“It won’t stay on my head,” I whisper to Ellen as I try surreptitiously to pull the headscarf back up higher, succeeding only in pushing hair into my face. How had the others all tied it? And how are they sitting so perfectly with their knees tucked under them? I squirm as softly as I can, shifting to a new position. My movement brings the attention of our B____ hostess who gestures at the tablecloth on the floor before us, filled to the edges with tea, naan bread, shredded carrots, pickled roots, Russian candy, wafer cookies, and liver. “She says ‘Eat,’” our friend translates. “I figured,” I smile back, mustering up the gratitude in my heart for getting to be here. I drink a big gulp of tea and hold a chunk of liver and naan in my hand for a while, as I had been coached, only shoving it in my mouth when I am prompted to eat again. It’s a pattern.
Sitting around the table on the plush mats with the flower designs are four women from a people group with an estimated 4,000 members worldwide. My mind still cannot fully comprehend what that low number means - for a language, a culture, the next generation. Their origin is shrouded in such mystery that they don’t even know for sure where their ancestors came from, but they seem mostly content living here on the edge of a former Soviet city at the foot of the mountains. Out the window we can see the shell of the home one of the women is building with her husband, and her two sons who come in and out of our room are all smiles. These five women are actually more than content, for they have found a hope that will outlast even the extinction of their people group.
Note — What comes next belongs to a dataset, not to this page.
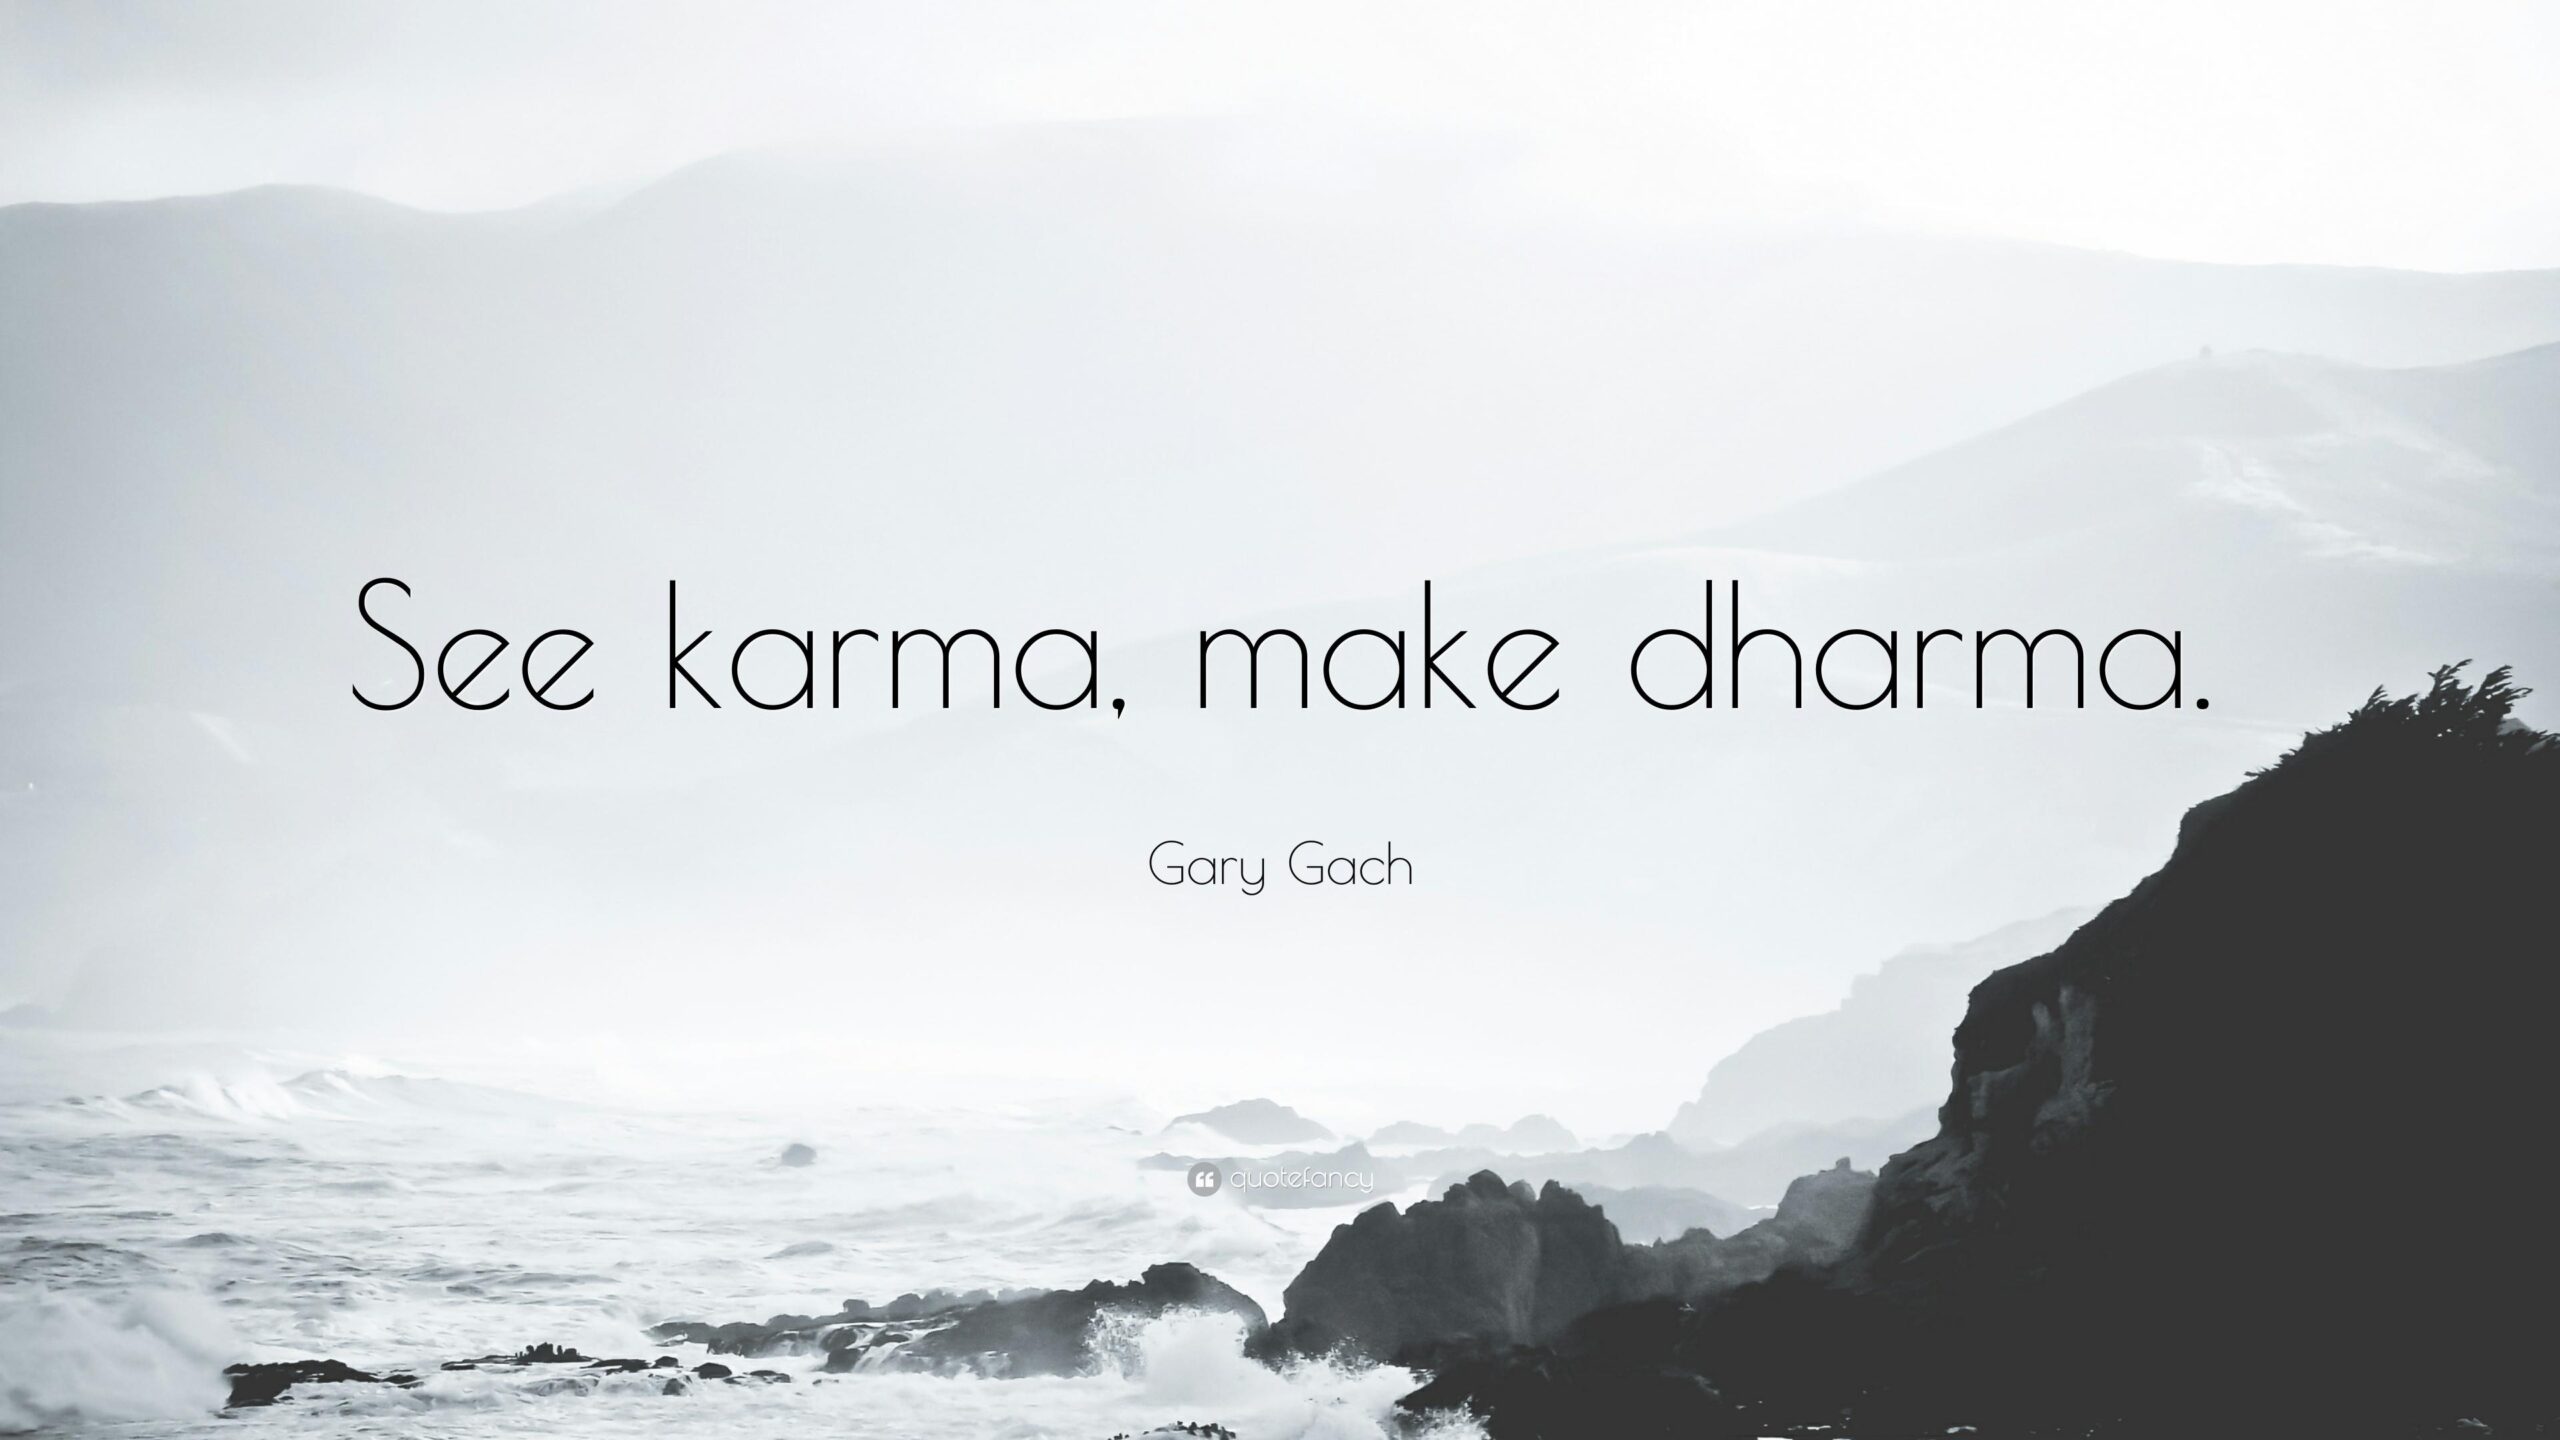 Gary Gach Quote “See karma, make dharma”

Our friend opens the Scriptures to Mark 9 and begins to read at v.14, and the women lean in. The baby girl with the massive eyes starts to fuss a little and is passed around from one lap to the next, but she doesn’t deter their focus from the story they are hearing of Jesus healing a demon-possessed boy. They nod because they know. They have faced oppression of many kinds, legal, physical, communal, spiritual, and they too have found Jesus to be stronger and worth it all.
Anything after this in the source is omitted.